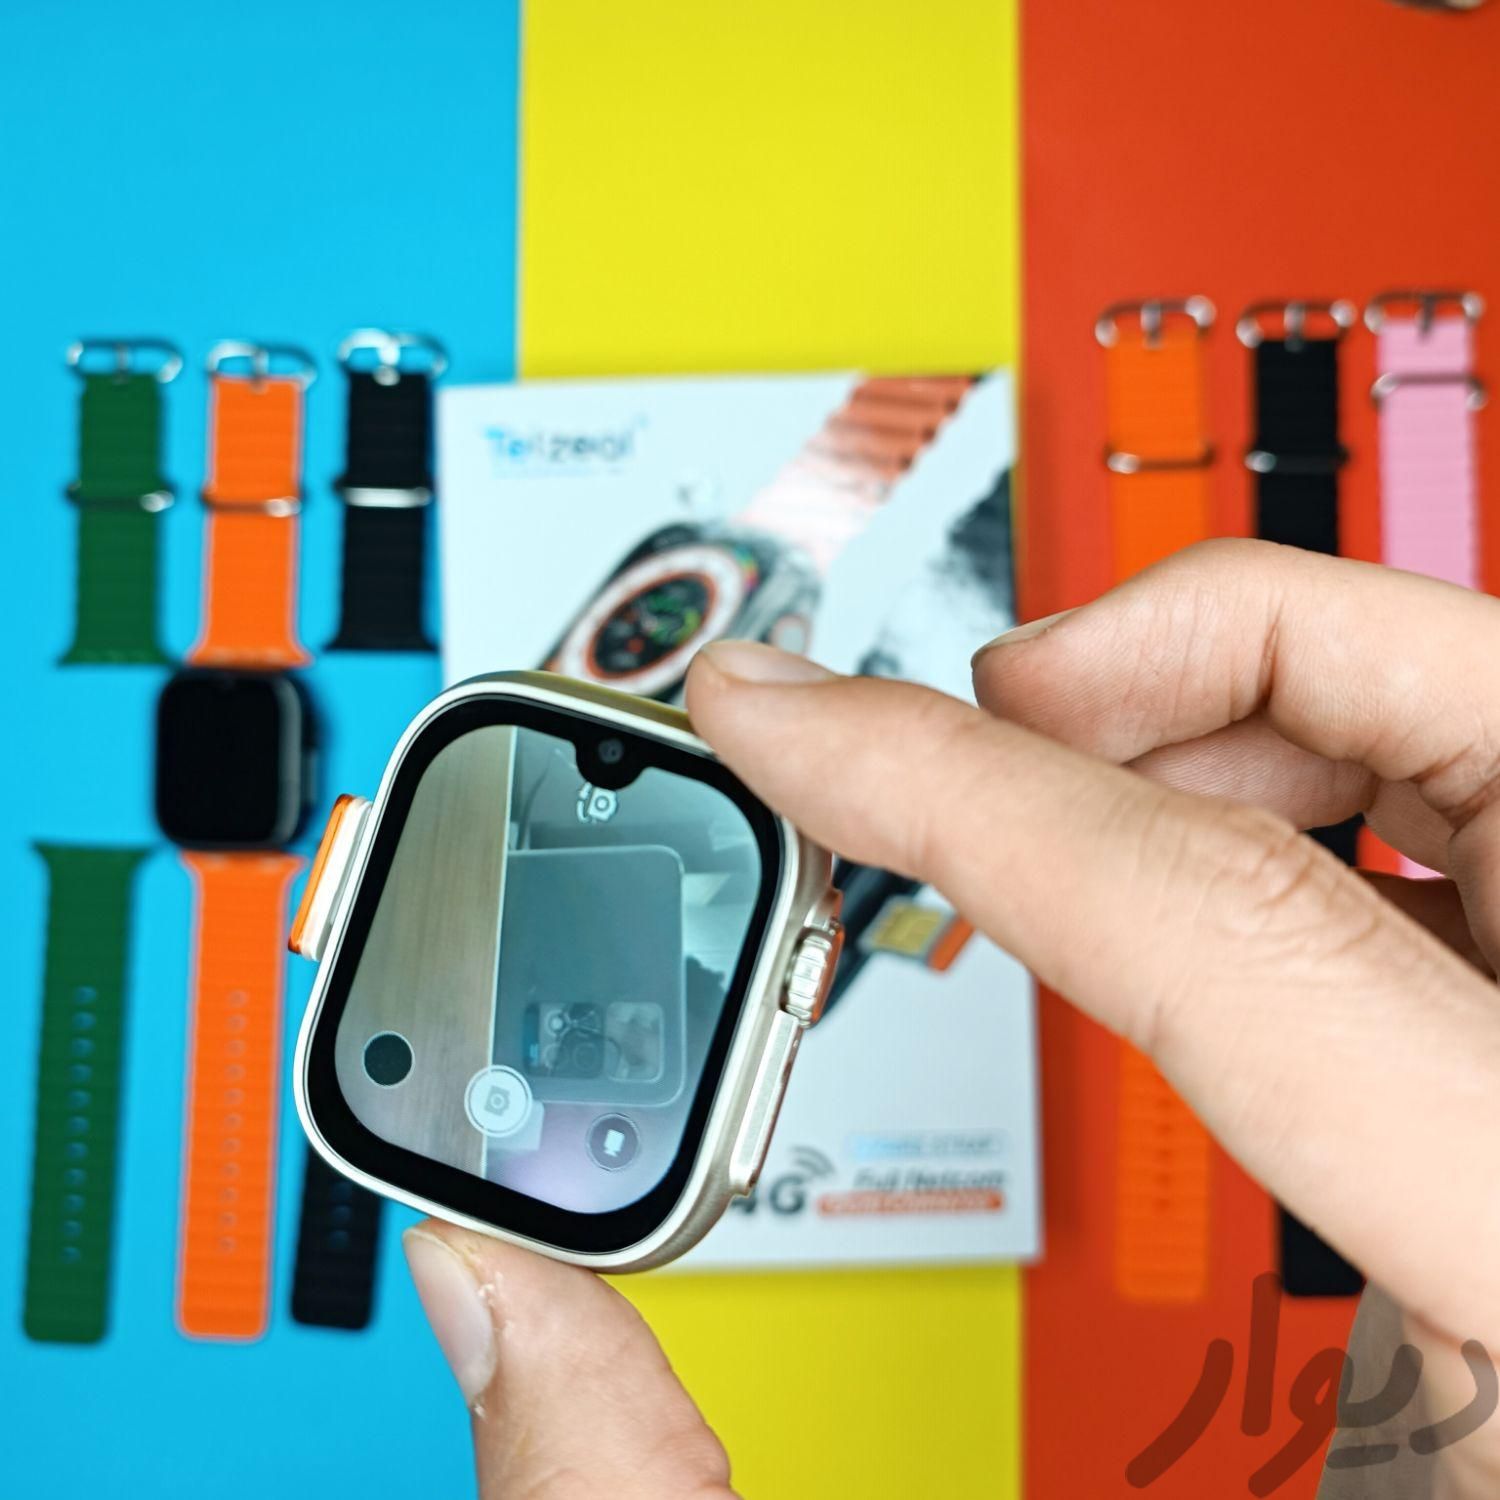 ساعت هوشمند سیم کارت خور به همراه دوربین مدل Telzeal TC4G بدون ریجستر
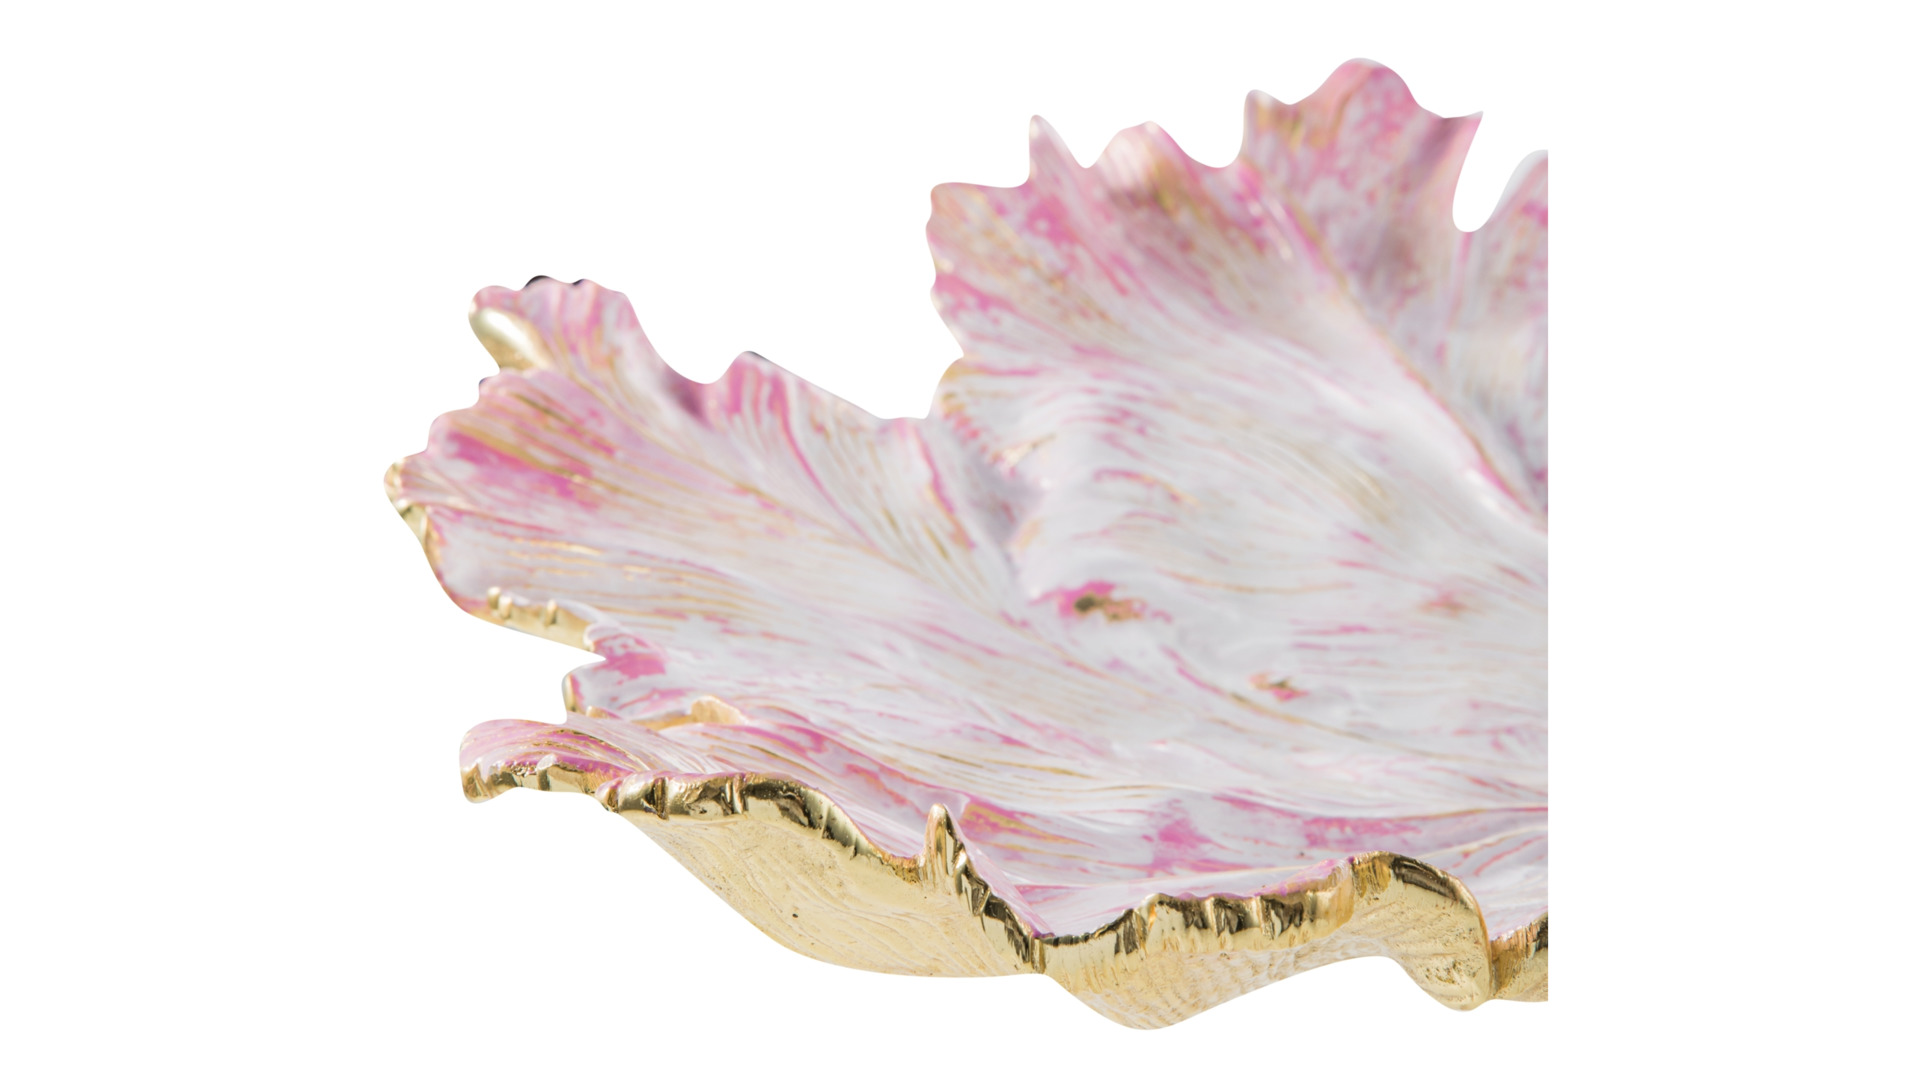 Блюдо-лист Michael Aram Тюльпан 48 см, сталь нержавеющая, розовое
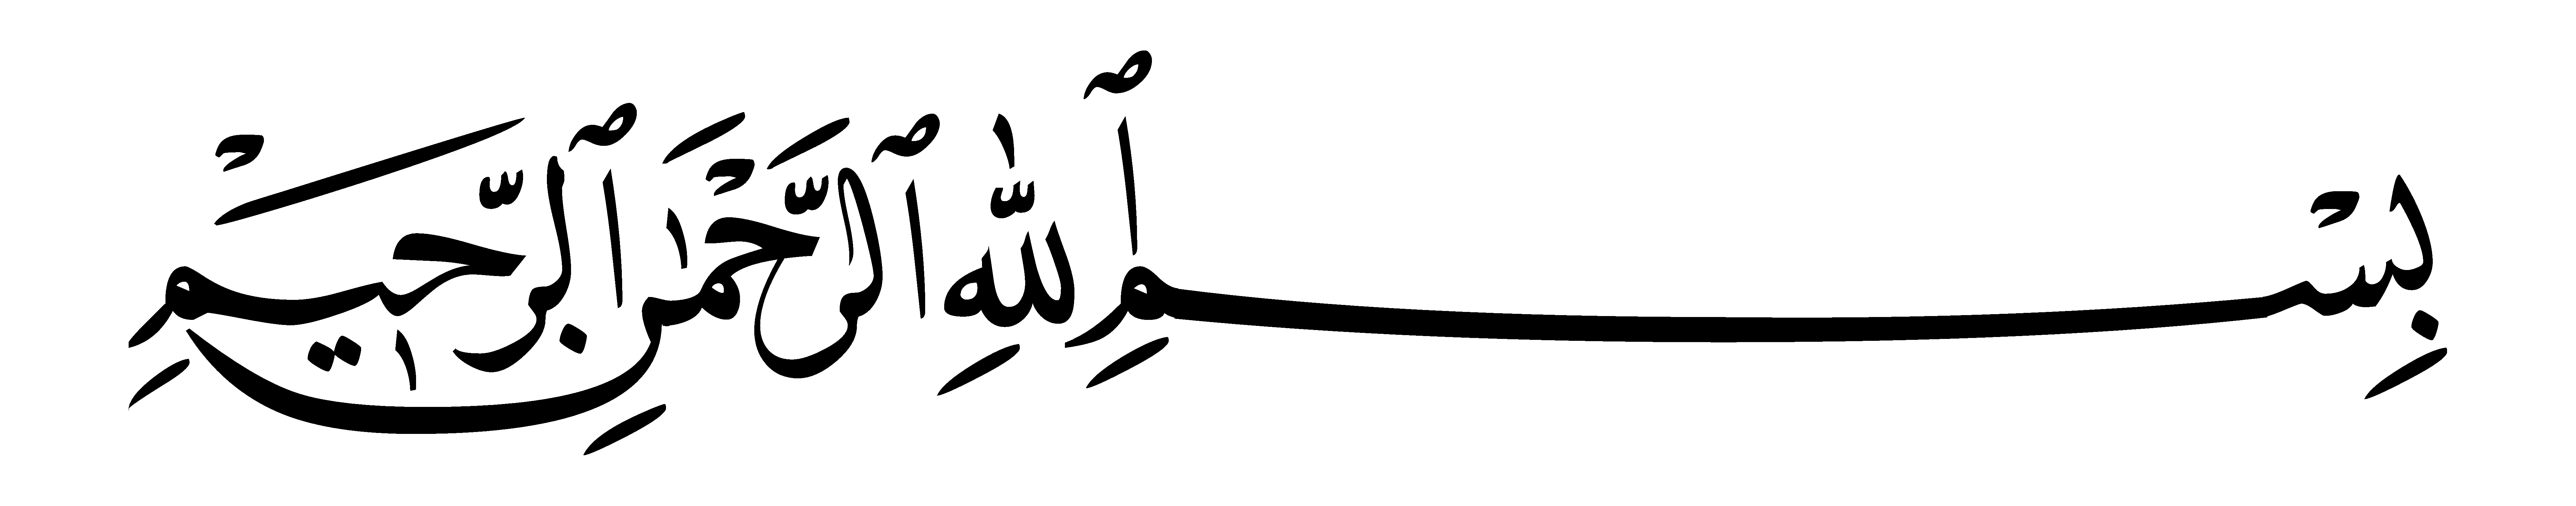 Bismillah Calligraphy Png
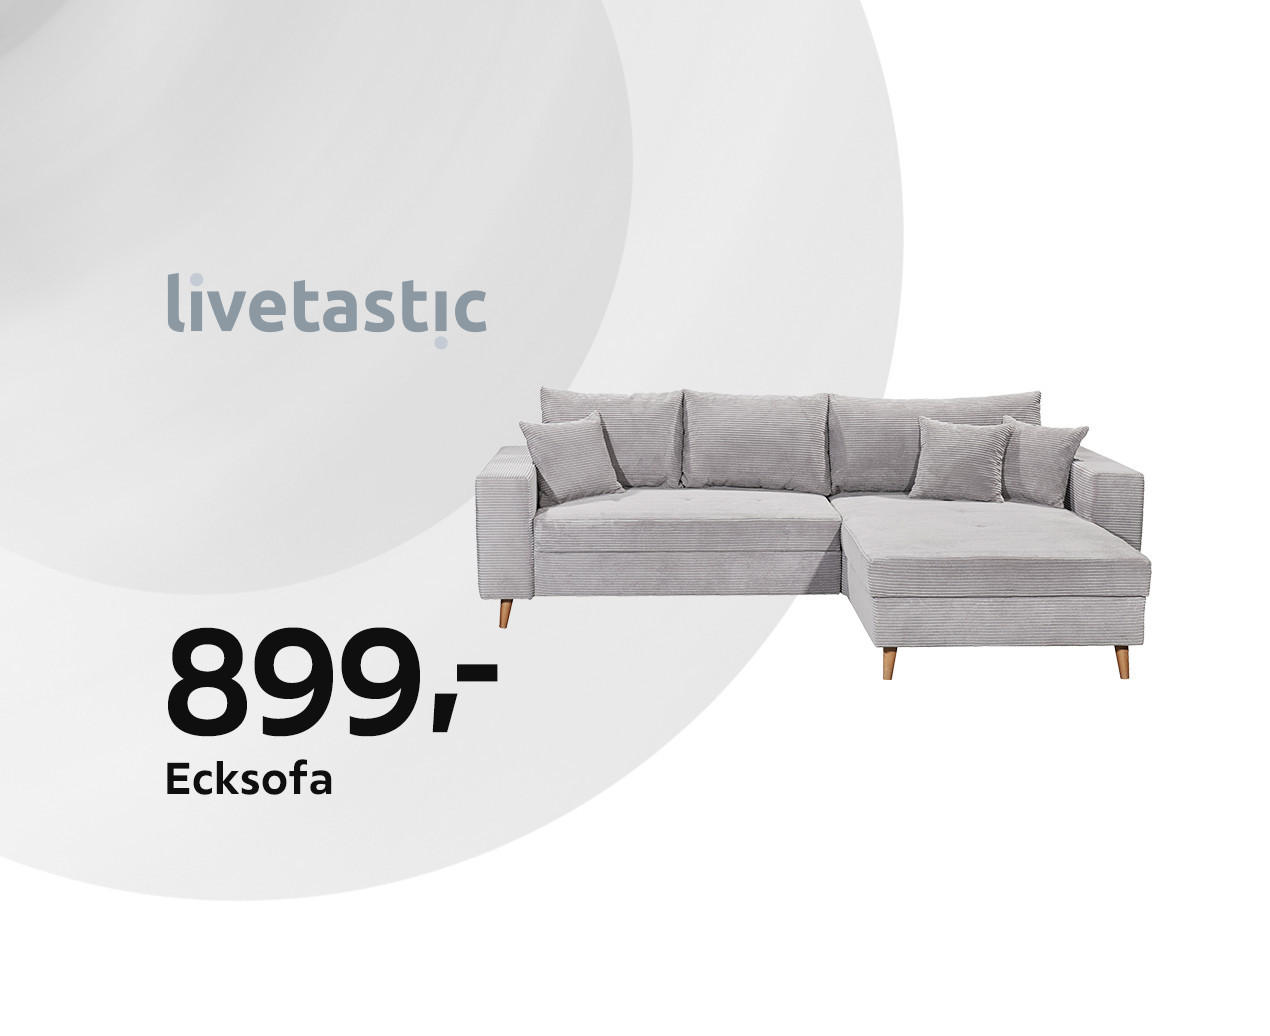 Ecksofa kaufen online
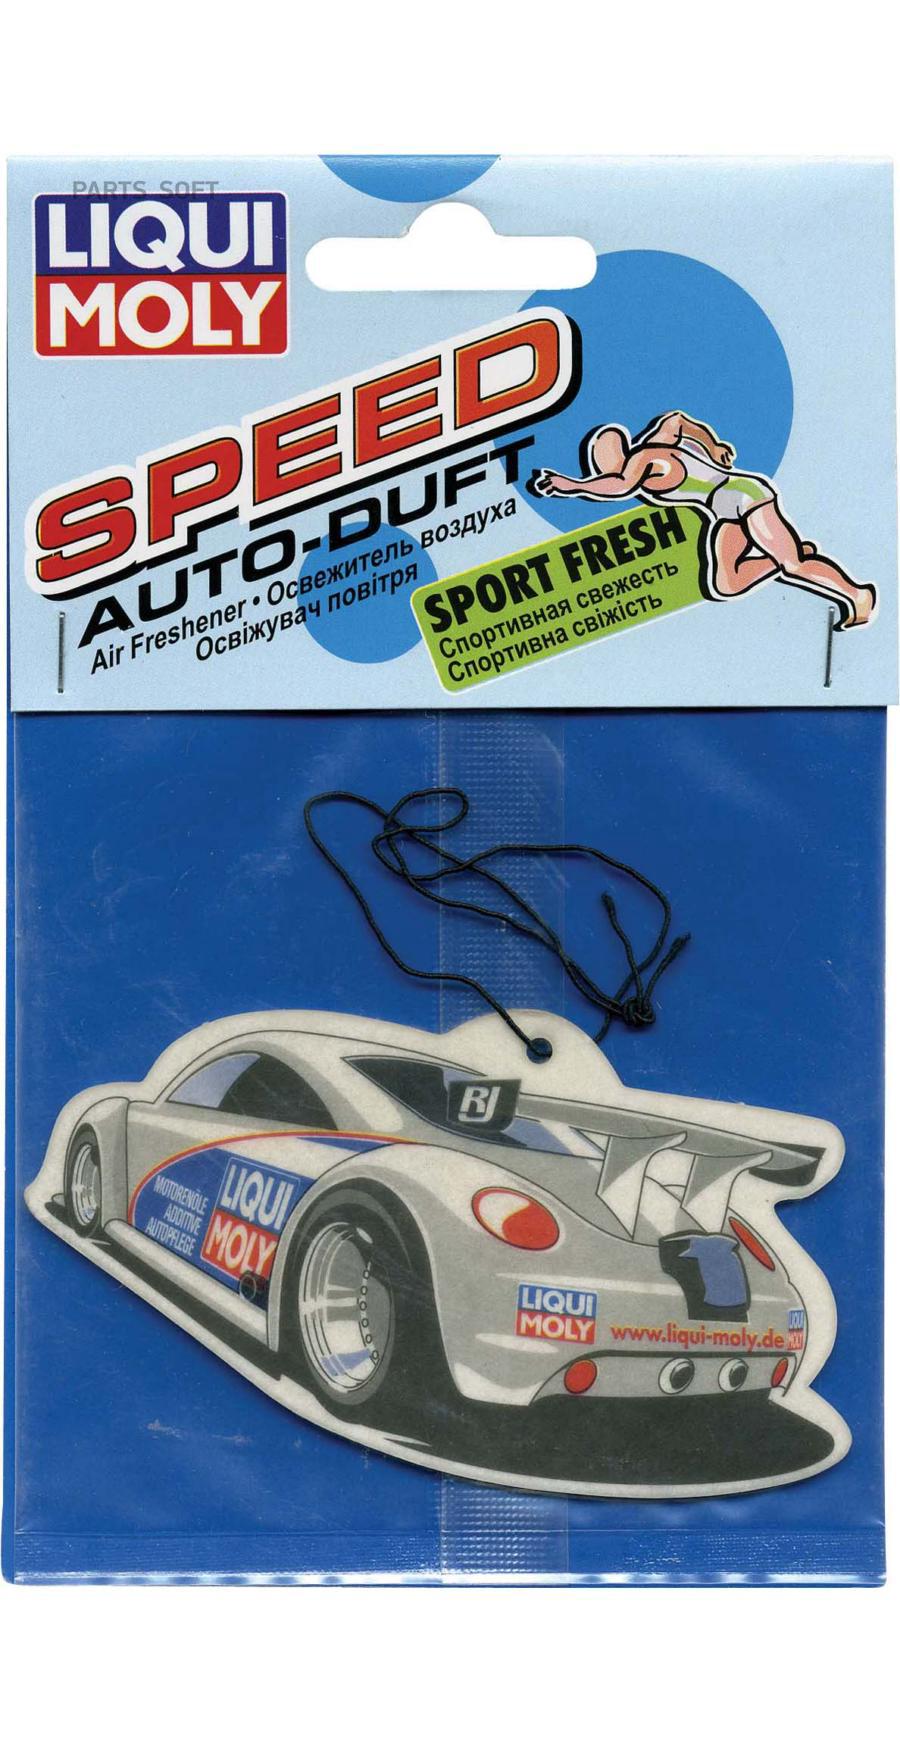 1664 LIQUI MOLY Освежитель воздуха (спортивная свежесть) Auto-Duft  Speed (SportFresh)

**********

_EXERCISE DETAILS_.
With the pictures set aside, repeat every entry above exactly.

_RESULT OF THIS TASK_.
 ساعت هوشمند سیم کارت خور به همراه دوربین مدل Telzeal TC4G بدون ریجستر
 Блюдо-лист Michael Aram Тюльпан 48 см, сталь нержавеющая, розовое
 Bismillah Calligraphy Png
 Ecksofa kaufen online
 1664 LIQUI MOLY Освежитель воздуха (спортивная свежесть) Auto-Duft  Speed (SportFresh)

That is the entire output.